An international group of researchers has made graphene more affordably and with a lower environmental impact than current chemical methods by using bacteria.
Graphene is a very strong and conductive material that could revolutionize electronics and engineering. However, producing graphene in large quantities requires lots of energy and involves toxic chemicals, such as hydrazine, which damages the nervous system.
Researchers from the Delft University of Technology in the Netherlands and the University of Rochester in the US have worked to overcome these problems by using bacteria to produce graphene. Their work has been published in the journal ChemOpen.
The scientists used bacteria called Shewanella oneidensis, which are naturally able to remove oxygen-based molecules from chemicals such as metal oxides. The team fed these bacteria with graphene oxide extracted from graphite, and the bacteria then transformed it into graphene by removing the oxides. Compared with current chemical methods to produce graphene, this process requires less energy and yields a material that is thinner and more stable.
“All we have to do is mix our bacteria in a tube together with the graphene precursor materials, and then we let it sit on the benchtop overnight at room temperature,” Anne Meyer, Associate Professor at the University of Rochester, told me. “The next morning, we have a tube full of conductive material.”

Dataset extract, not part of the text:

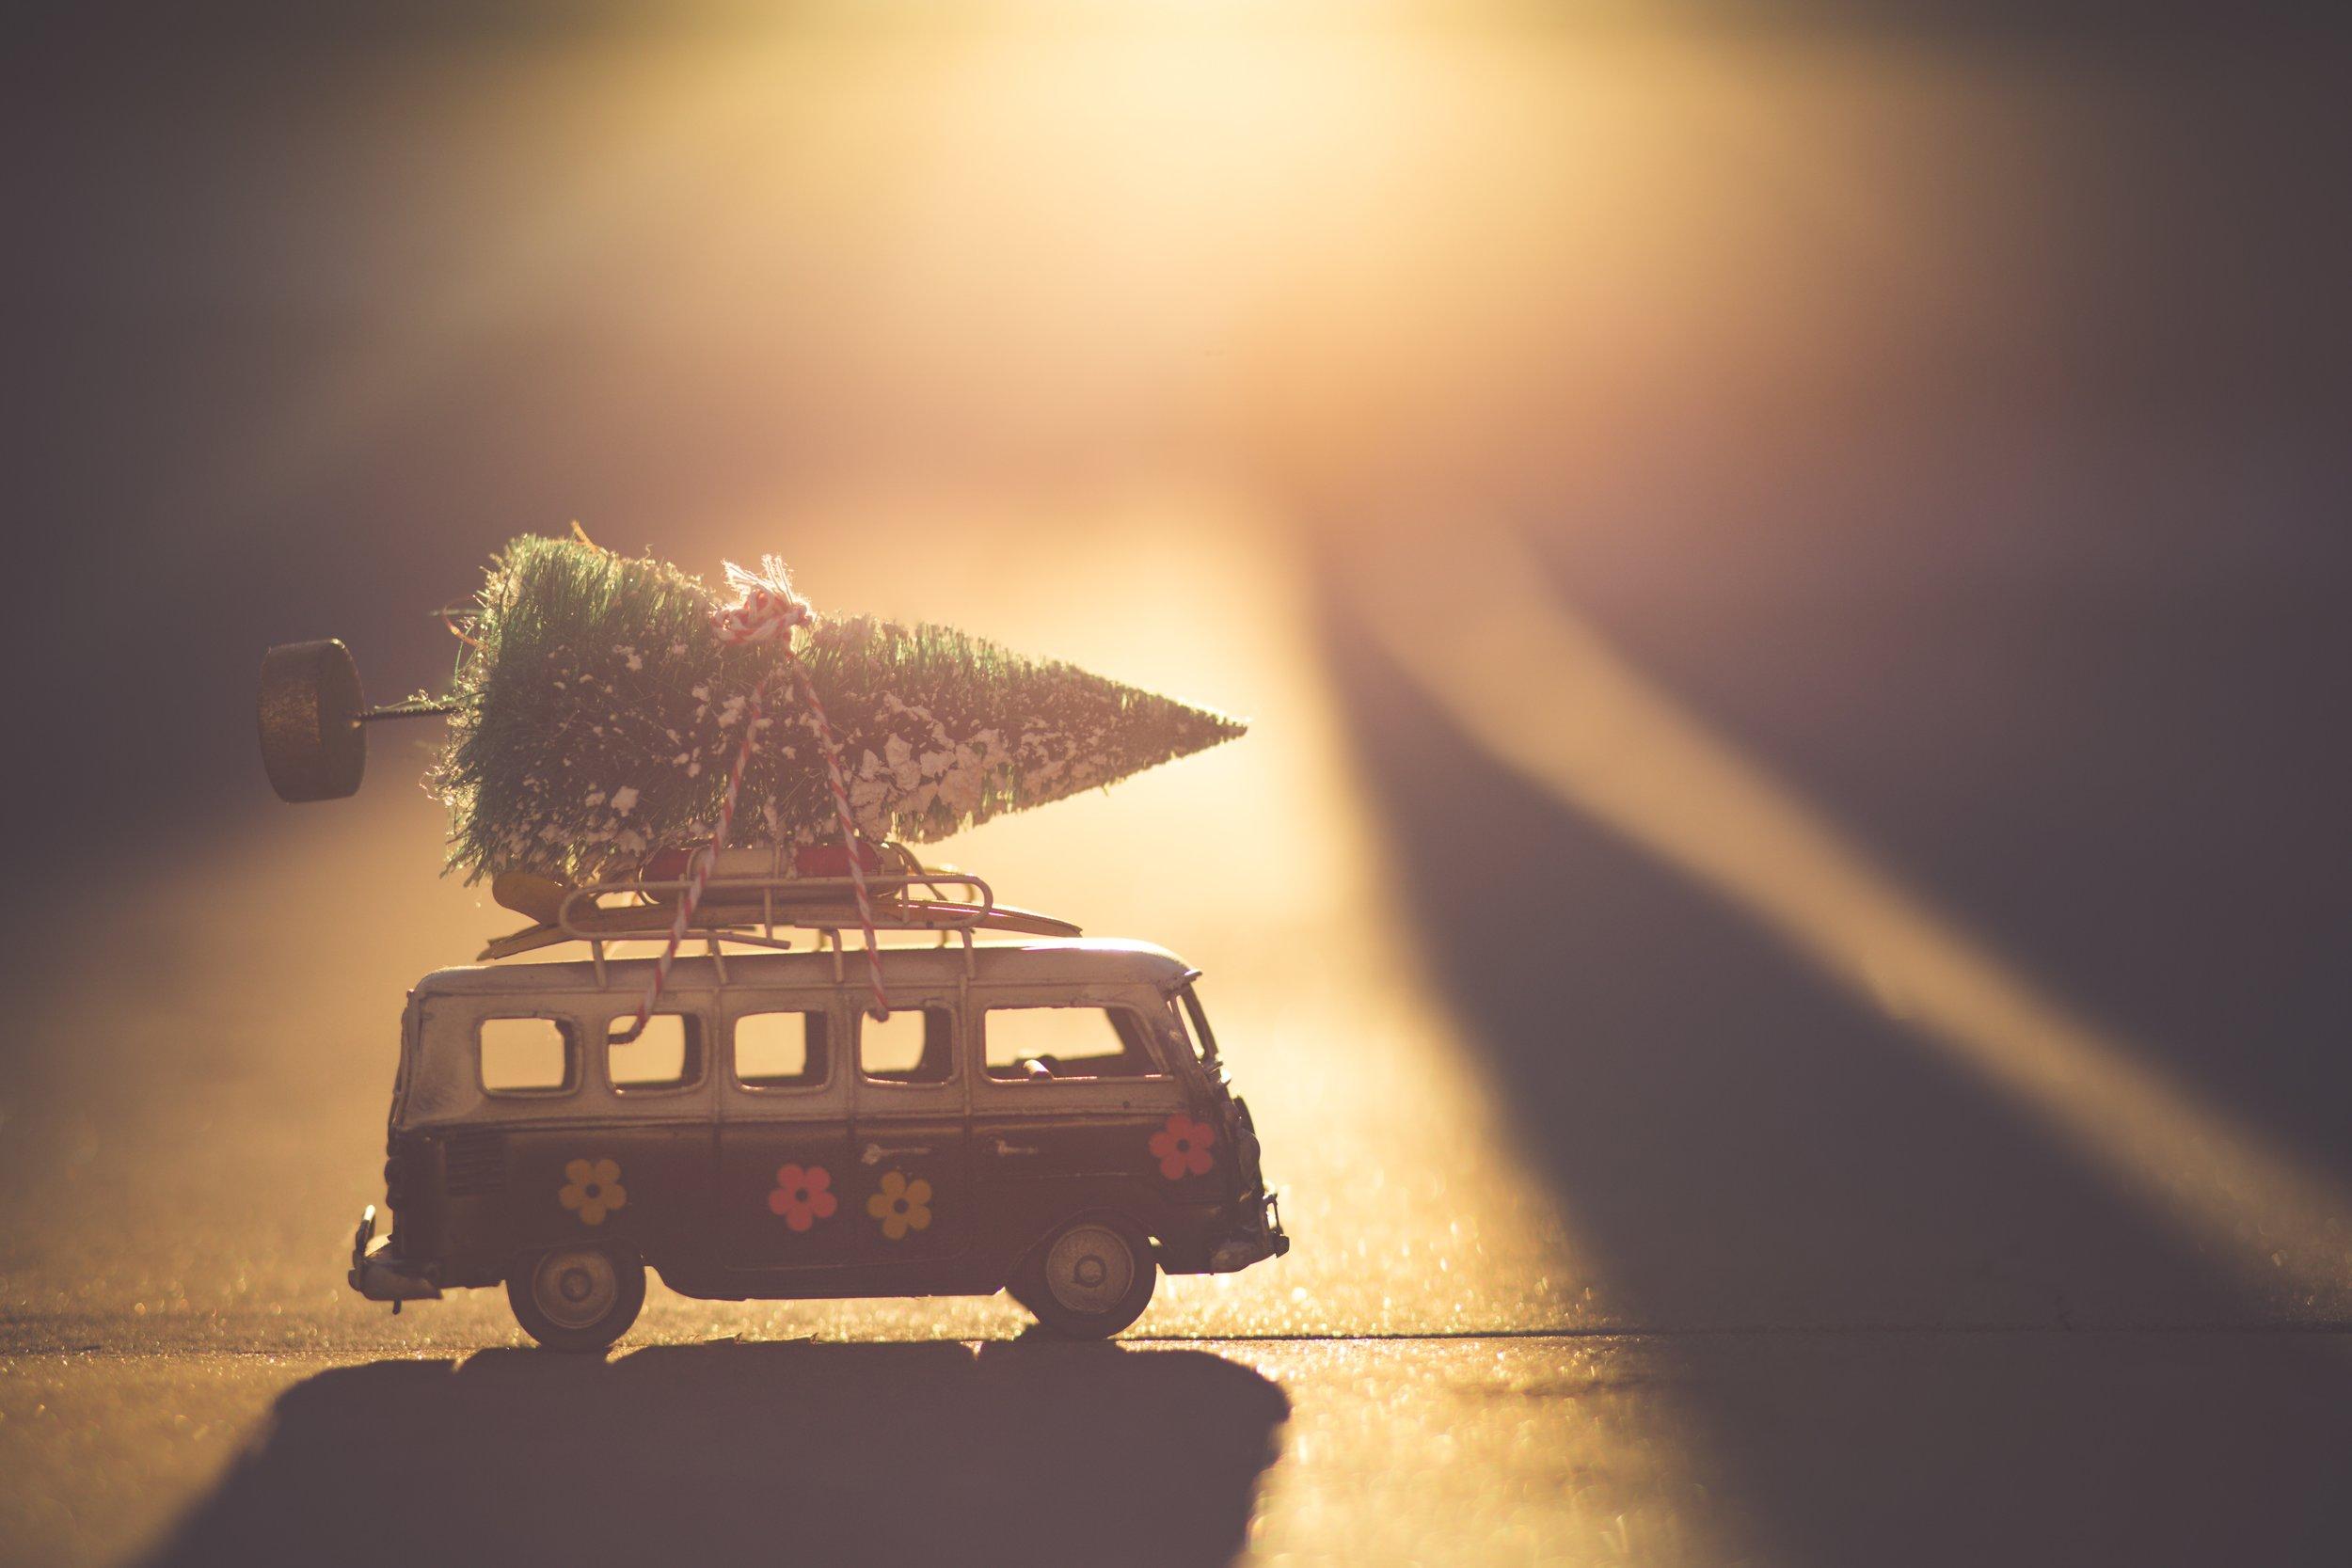 Christmas tree on a van

The graphene produced by bacteria could be useful for making conducting ink and biosensors, which could be used for a number of applications including the creation of real-time glucose monitoring for people with diabetes. To get to this stage, the researchers are working to scale up the process from milliliters to liters.

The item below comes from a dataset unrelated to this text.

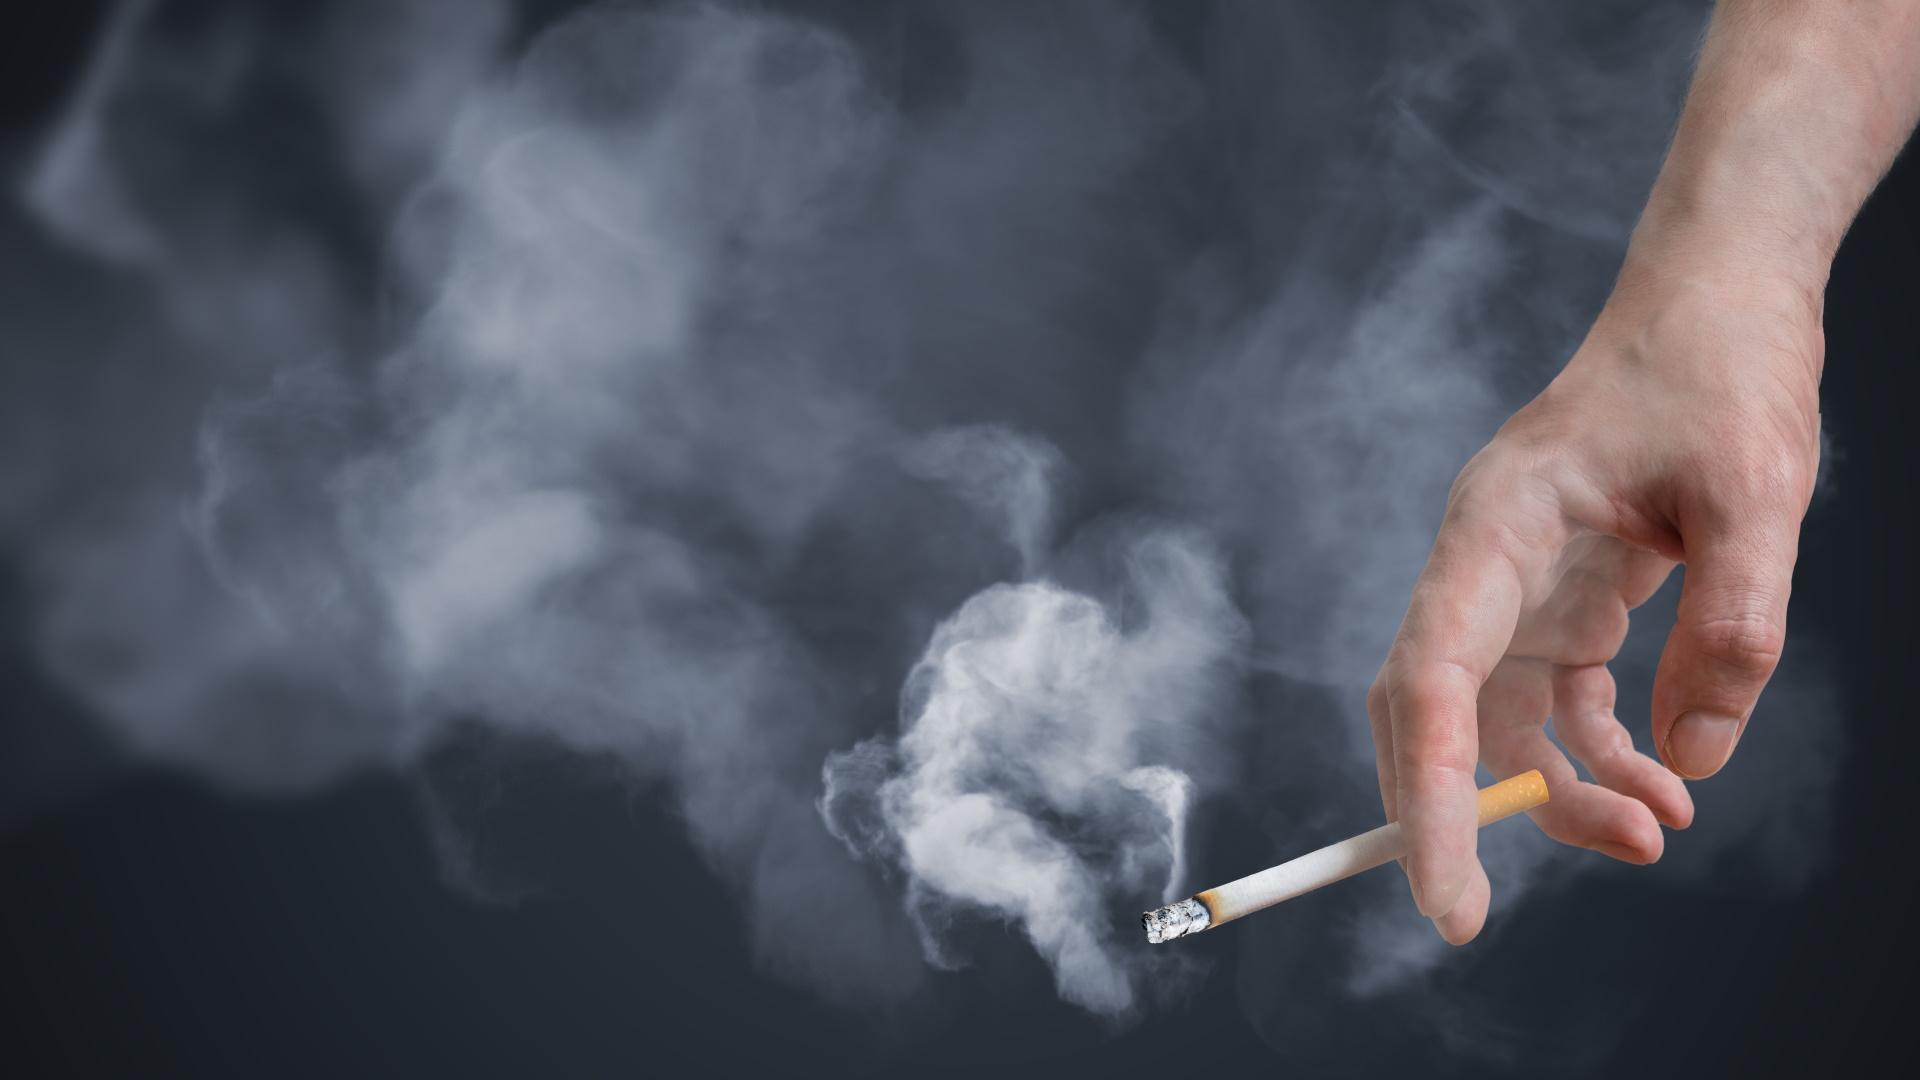 Vignette de la formation : Classe virtuelle - Le sevrage tabagique

Meyer’s team is also developing bacteria as energy-efficient production alternatives for other materials. For example, her team in the US recently produced bacteria that can make synthetic mother-of-pearl, which could be used to construct houses on the moon.

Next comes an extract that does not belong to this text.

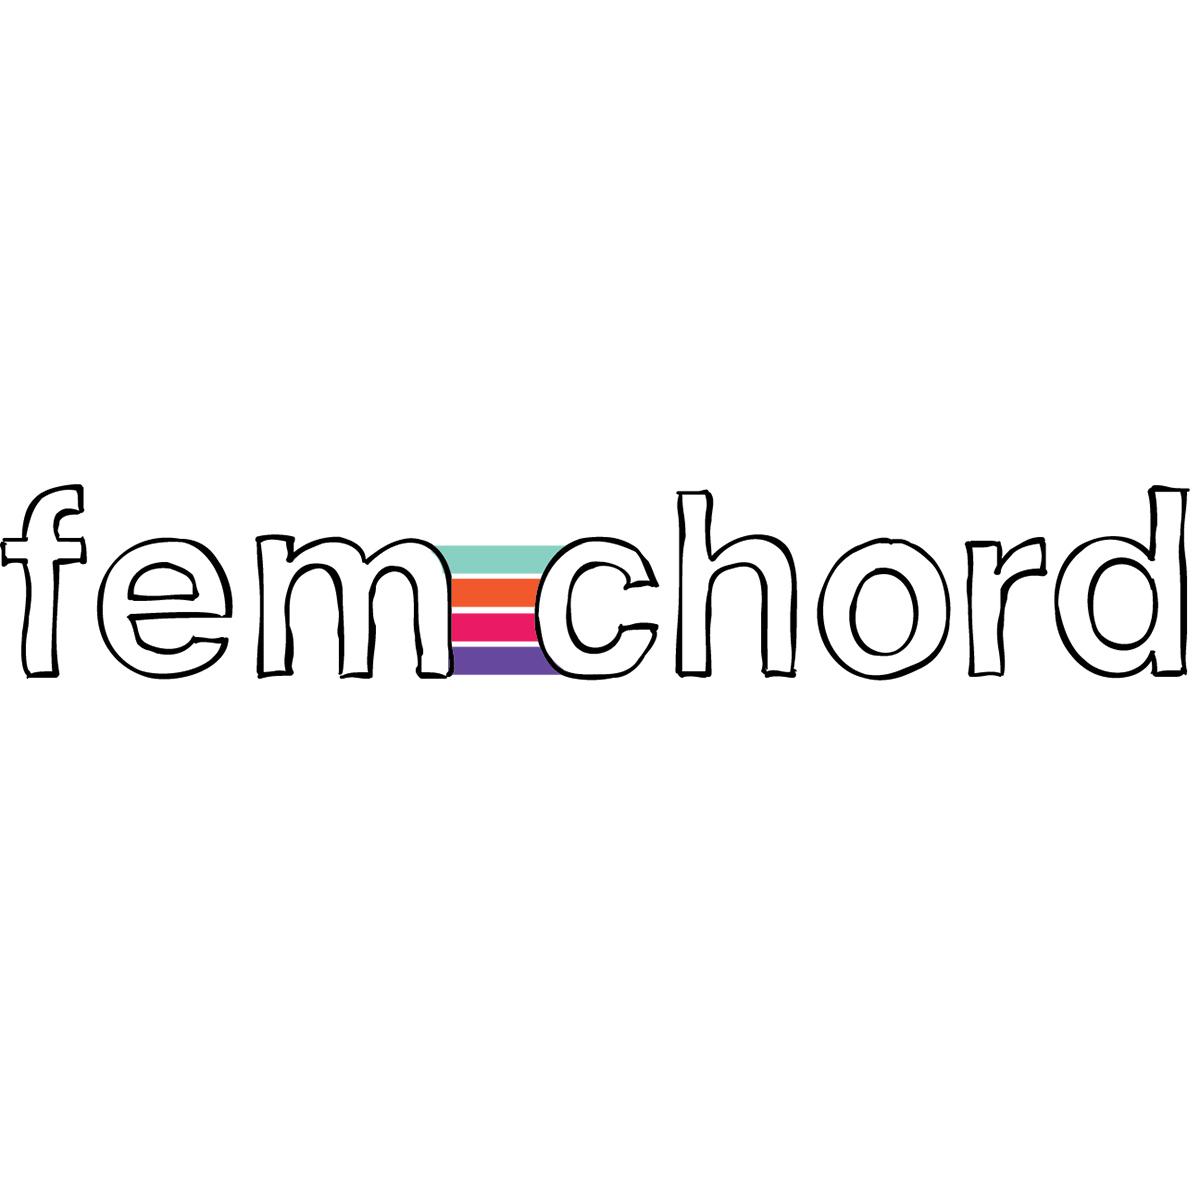 femchord-logo-option-3.jpg

Microbes are showing progressively more potential as an eco-friendly method of producing materials such as plastic and textiles, with lots of efforts across Europe to harness them.
“I think that microbial production of materials will be the next green revolution for materials science,” Meyer told me. “Bacteria have evolved enzymes that can perform complex chemical reactions, at ambient temperatures and pressures, and in water-based non-toxic environments. The potential for bacteria to usher in a new era of environmentally-friendly and straightforward production of complex materials is immense!”